Michael Nemeth, left, of Saskatchewan Environmental Society Solar Co-operative, Seth L’Hoir, plant manager at CNH Industrial, and David Anderson, vice-president of business development and sales at MiEnergy, spoke at the official launch of the new solar array at CNH Industrial in Saskatoon.  |  William DeKay photo

Maker of Case IH, New Holland and Flexi-Coil brands says it is reducing its carbon foot print while cutting electrical costs

CNH Industrial in Saskatoon is home to the largest solar energy project in the province.

More than 1,000 gleaming blue-black panels soak up the sun outside the manufacturer’s facility, where tillage, seeding and harvesting equipment is made under the Case IH, New Holland and Flexi-Coil brands.

“This project will yield 331 kilowatts of power for the plant. This is equal to about eight percent of our energy consumption and will reduce our carbon footprint by 289 tons, which is the equivalent to about 70 residential homes,” said Seth L’Hoir, plant manager at CNH Industrial.

The new solar array is a partnership between CNH and the Saskatchewan Environmental Society (SES) Solar Co-operative.

L’Hoir made the announcement along with Michael Nemeth, vice-president of SES Solar Co-op, and David Anderson, vice-president of business development at MiEnergy.

The SES Solar Co-op is a volunteer-run organization and the first renewable energy co-op in the province.

It operates by inviting the community to invest in solar developments by purchasing preferred shares in its ongoing share offering.

“The SES solar co-op has come a long way since it began in 2015. It has now built its seventh and largest solar project with CNH industrial,” said Nemeth.

The panels bought for the CNH project reside at the company’s 71st Street location, producing renewable energy for their operations while generating a return for SES Solar Co-op shareholders through lease payments over the next 25 years.

“This is a privately funded capital project through SES, which we lease off of them.

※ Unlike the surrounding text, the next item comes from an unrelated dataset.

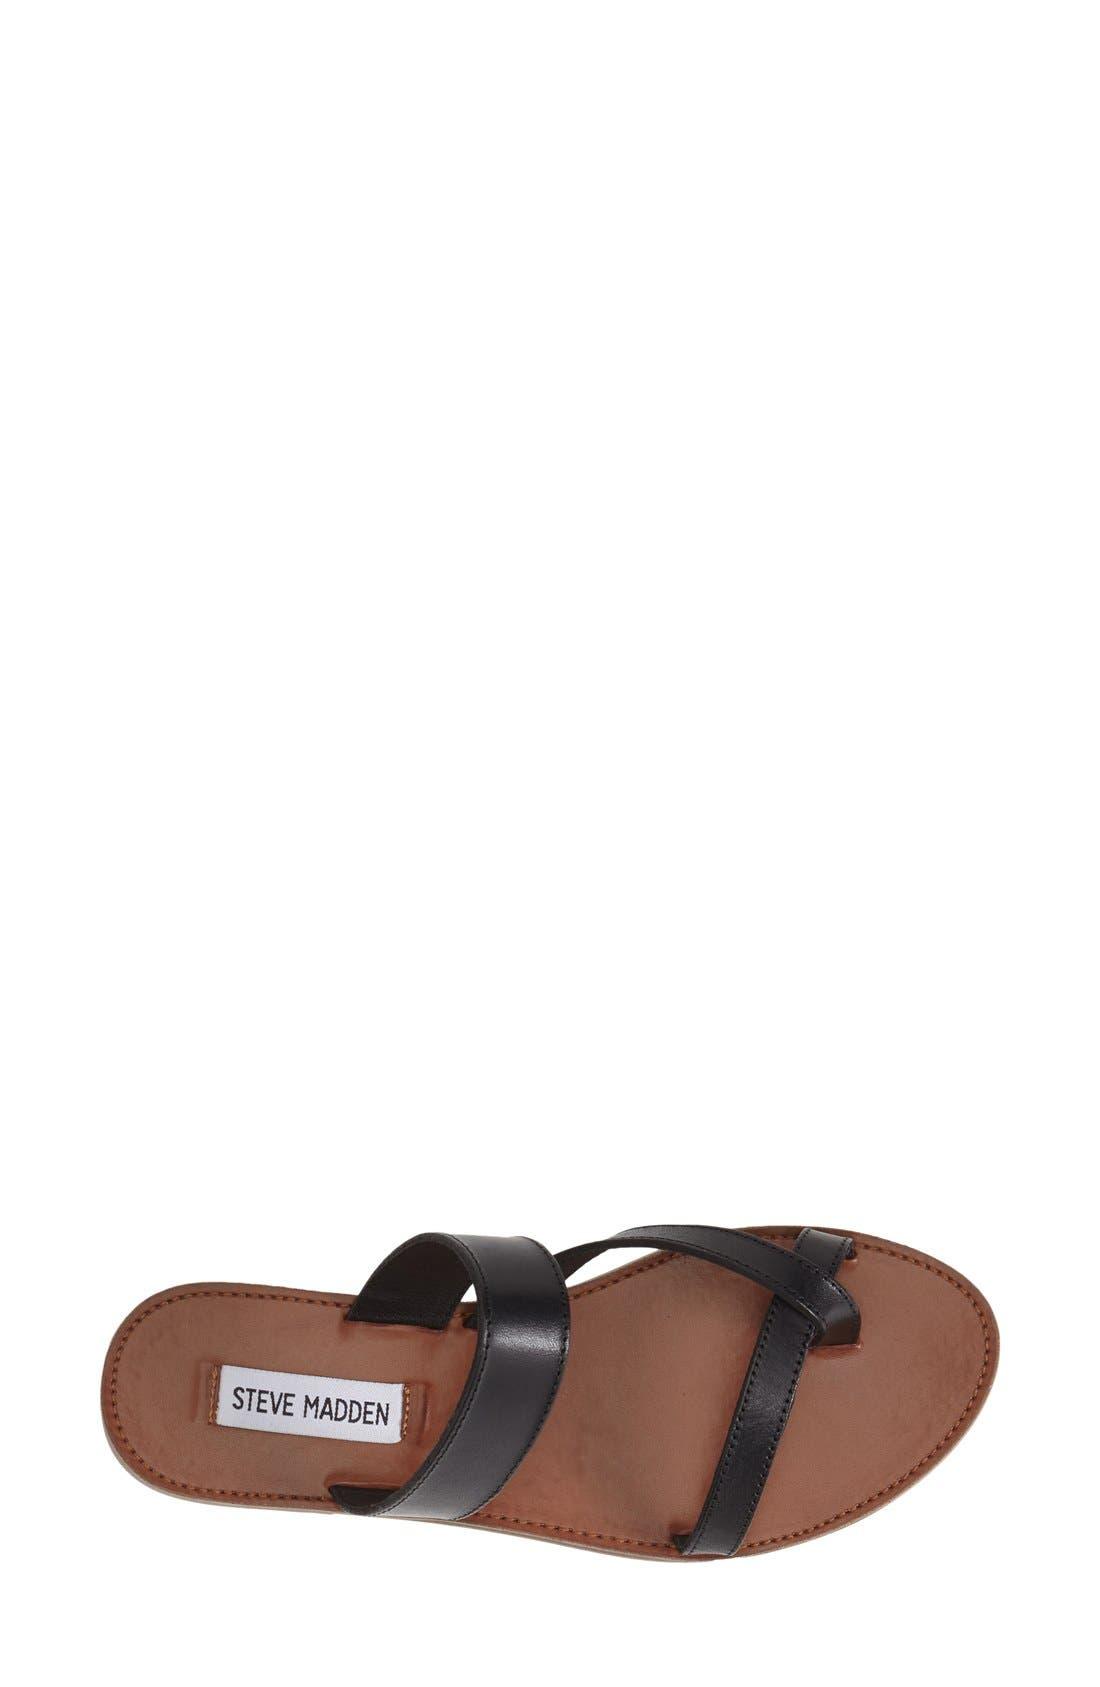 Alternate Image 3  - Steve Madden 'Aintso' Strappy Leather Toe Ring Sandal (Women)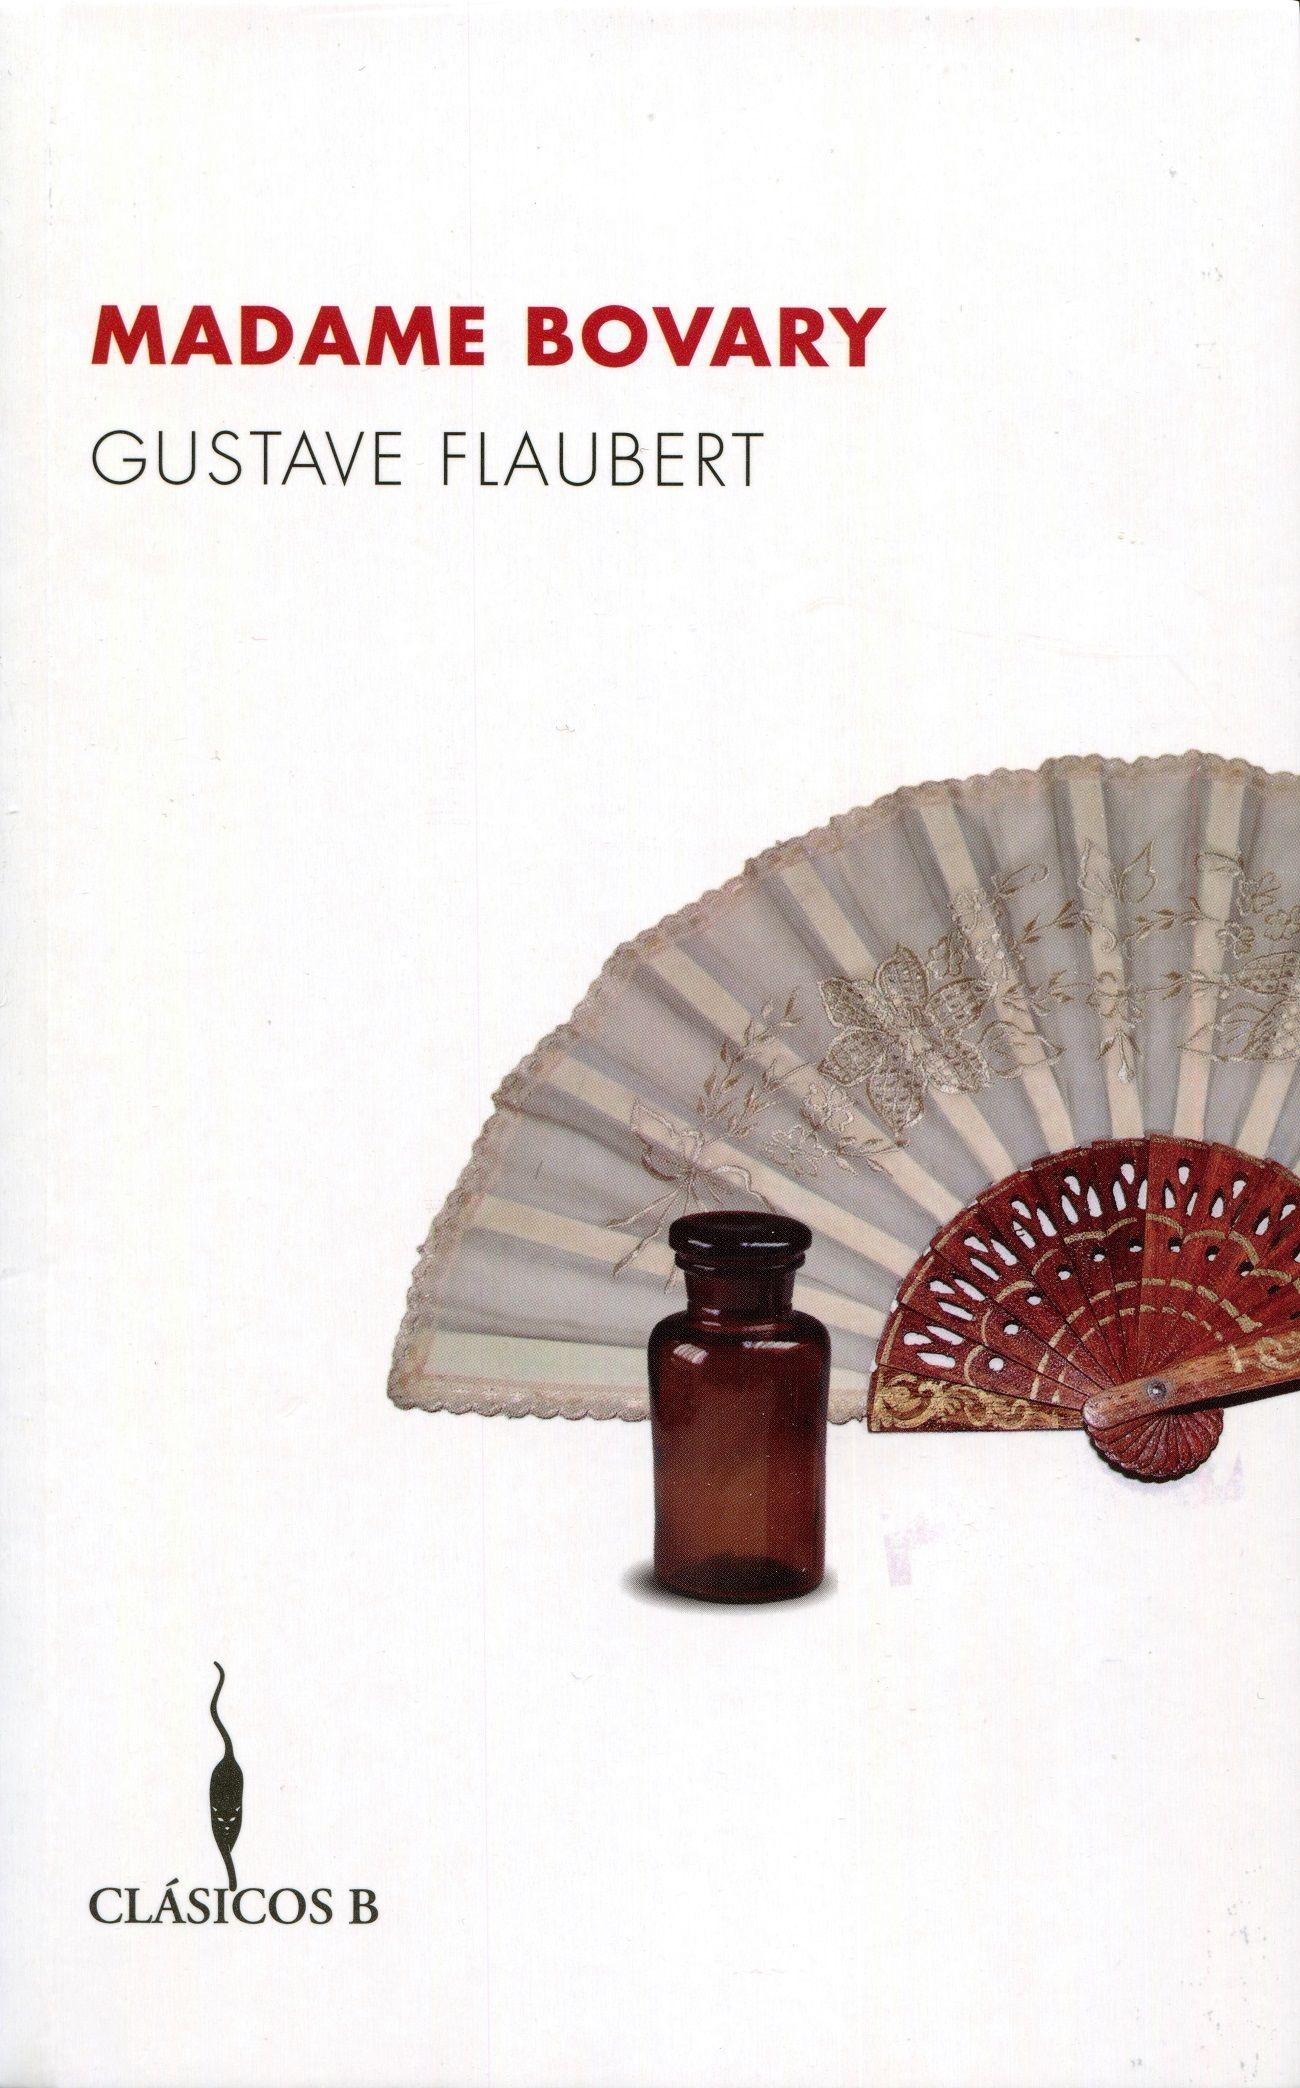 Nacida en la campiña francesa, la joven Emma Rouault se iniciará en el conocimiento del amor a través de novelas leídas de manera clandestina. Estas historias serán su guía a la hora de amar. Gustave Flaubert (1821) fue un escritor francés. Está considerado uno de los mejores novelistas occidentales y es conocido principalmente por su primera novela publicada, Madame Bovary.

So we provide the land and the power demand, and then they provided the equipment to provide the clean energy gate,” said L’Hoir.

For about a decade, he said CNH has been focused on lowering their power consumption and costs.

“Being able to generate some of the electricity needed at our site for zero carbon emission source is a step in the right direction. Our site has already successfully reduced electrical consumption by 25 percent. And this new solar installation will help supplement our plants ongoing power needs with the zero carbon energy source,” he said.

More than 1,000 bi-facial solar modules are mounted on a racking system that used 100 I-beam piles as a foundation, each one driven well below the frost line. Bi-facial modules are a new technology that produce solar power from both sides of the panel. | William DeKay photo

The 400 kilowatt system of bi-facial solar modules are mounted on a racking system that used 100 I-beam piles as a foundation.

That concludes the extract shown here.